Photo: Ellen Umansky
Early in our talk, she asked about “Hans de Krap,” the narrator of “A Note to My Translator,” the first story in the collection; he’s a fuming foreign author of some renown, apoplectic over how his novel is being rendered in English.1
I spoke about how, in 1997 (several years before we met), I had come across this ad in the Village Voice, where I was already employed as a copy editor.
A full-page ad! Seeking a score of unpublished authors, for a book called Virgin Fiction! The imprint had celebrities in its stable, and was somehow connected to Salon—when you still had to type “salonmagazine.com”—then a daily internet stop for many, in that antediluvian era of scant content.

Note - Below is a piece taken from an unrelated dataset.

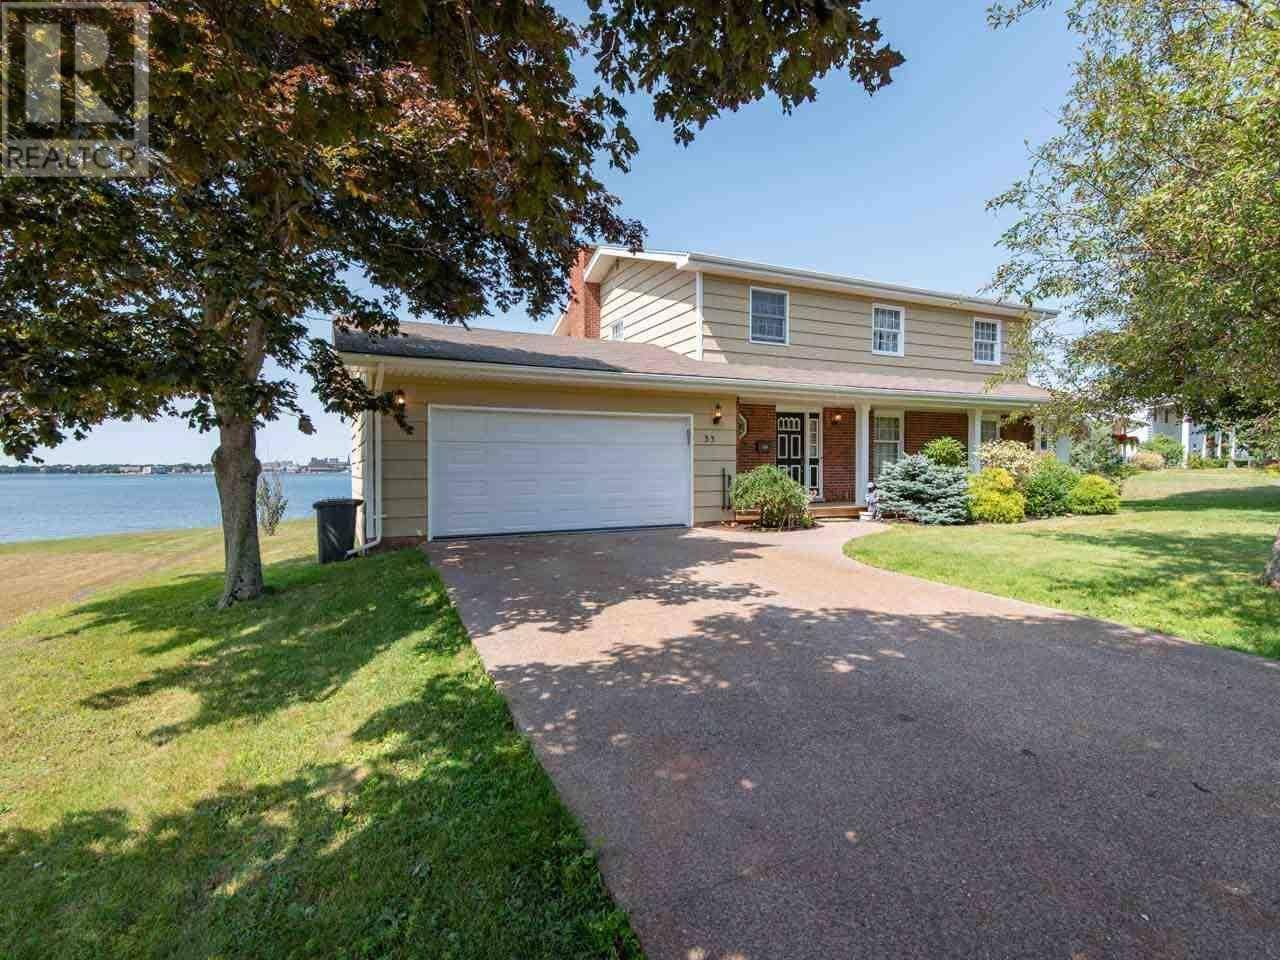 House for sale at 33 Glencove Dr Stratford Prince Edward Island - MLS: 201908589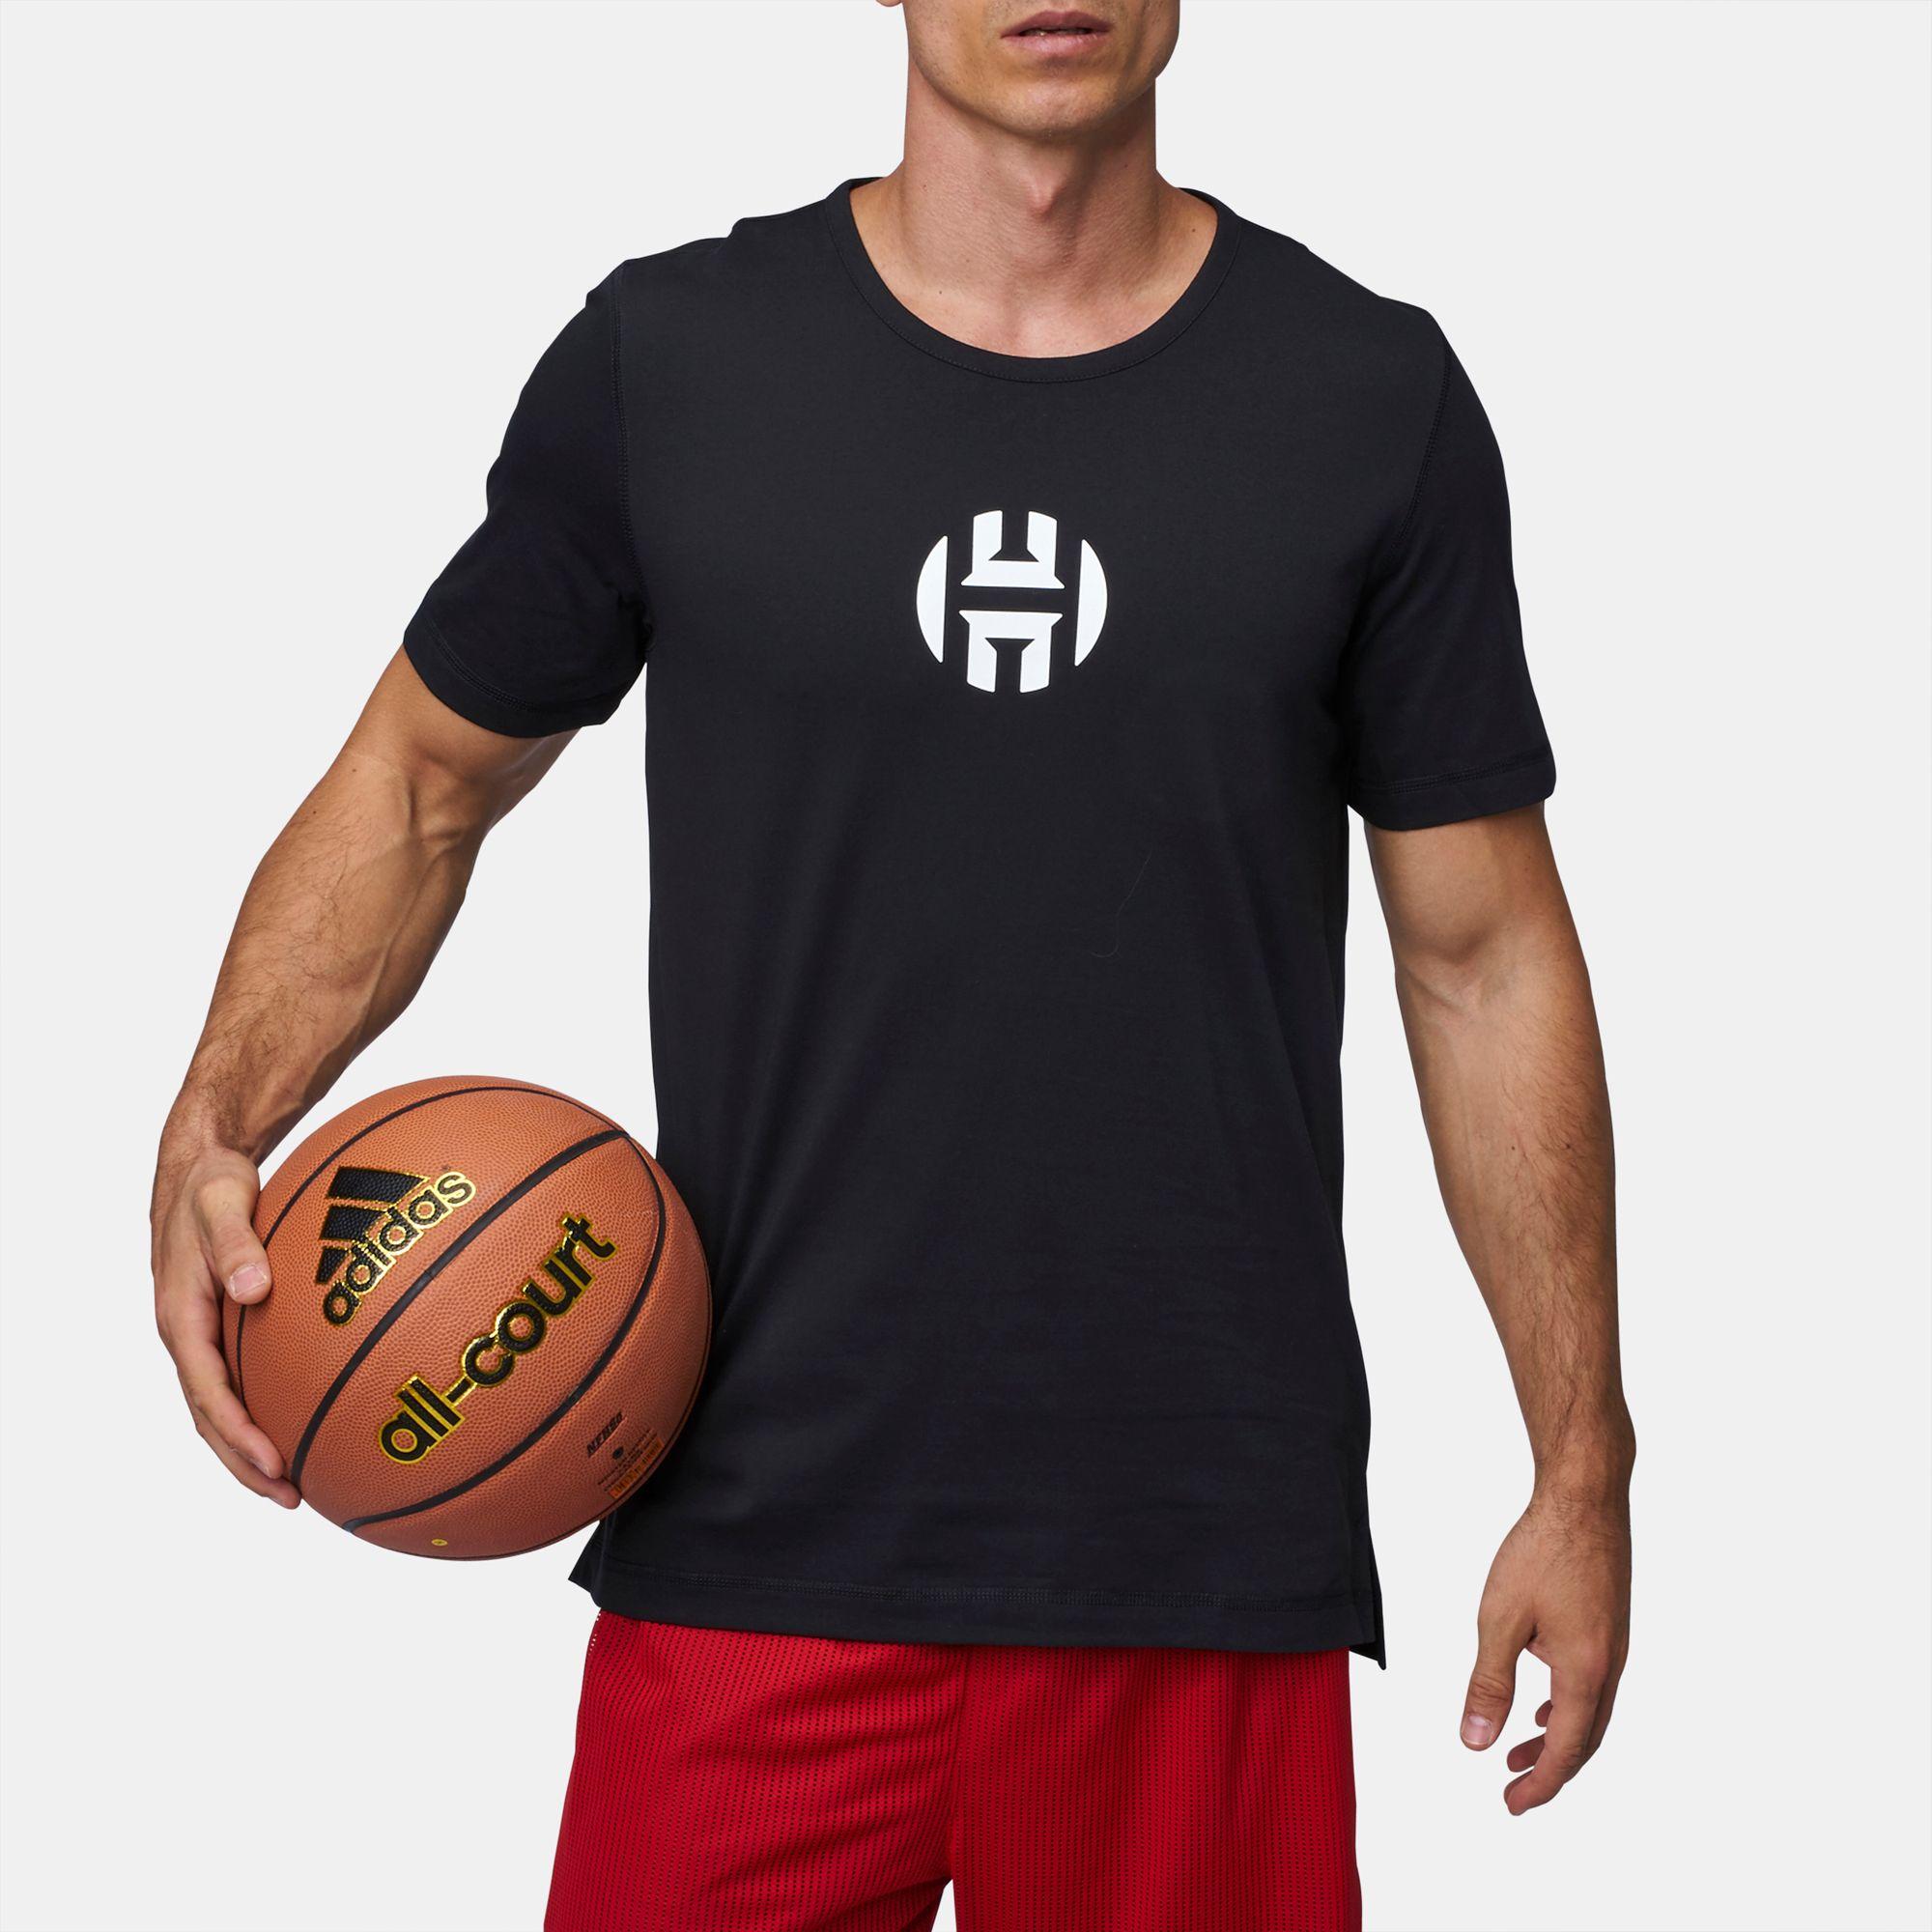 low priced 8bad3 464eb adidas Harden Logo T-Shirt | T-Shirts | Tops | Clothing ...

Most messages the world flings our way just bounce off the eyelids, but every so often you see something and it changes your life. In the aftermath of my first failed novel—a behemoth that never found a home—the ad copy felt like a challenge. Had I written anything good lately? Then prove it!2
Behind Rachel’s question was a tidbit of personal history I’d forgotten. She got me to confess that I would periodically write listings for the Voice Choices section using the arch-scatological surname “De Krap.” In retrospect this was not a great idea; at the time, though, as she pointed out, I worried about seeming too productive.3 There might be a week when I would publish, say, a book review and a film review, plus maybe a capsule review, in the paper. Not that anyone was keeping track4
I can’t remember if I said this at the event, but there’s a reason I chose “De Krap” as the surname of both my journalistic alter-ego and my virgo-fictional stand-in.
No spoilers. But the hopelessly curious can write DE KRAP in all caps, and hold it to a mirror.
Readers of the Lost ARC: Also has the first publication by Myla Goldberg, eventual author of Bee Season.
The narrator of “An Oral History of Atlantis,” the final story in the collection, is named Hans—a small but significant adjustment I made as I put the book together. Otherwise it remains much as I wrote it back in Summer 2001—about which, more later.
This was before I began writing for the Voice in earnest—i.e., before editors regularly asked me to do so. That wouldn’t happen for a few more years.
“Did you feel you suffered from (or had the gift of) ‘insane productivity’ yourself? What do you mean by the word insane?” —RA to EP, 2008.
Another age-old alter-ego of mine, albeit with no bylines to his credit, was Parker Edwards, whose name was a simple reversal of my own. I later used this name for a major character in my 2023 novel Same Bed Different Dreams, later changing it to Parker Jotter.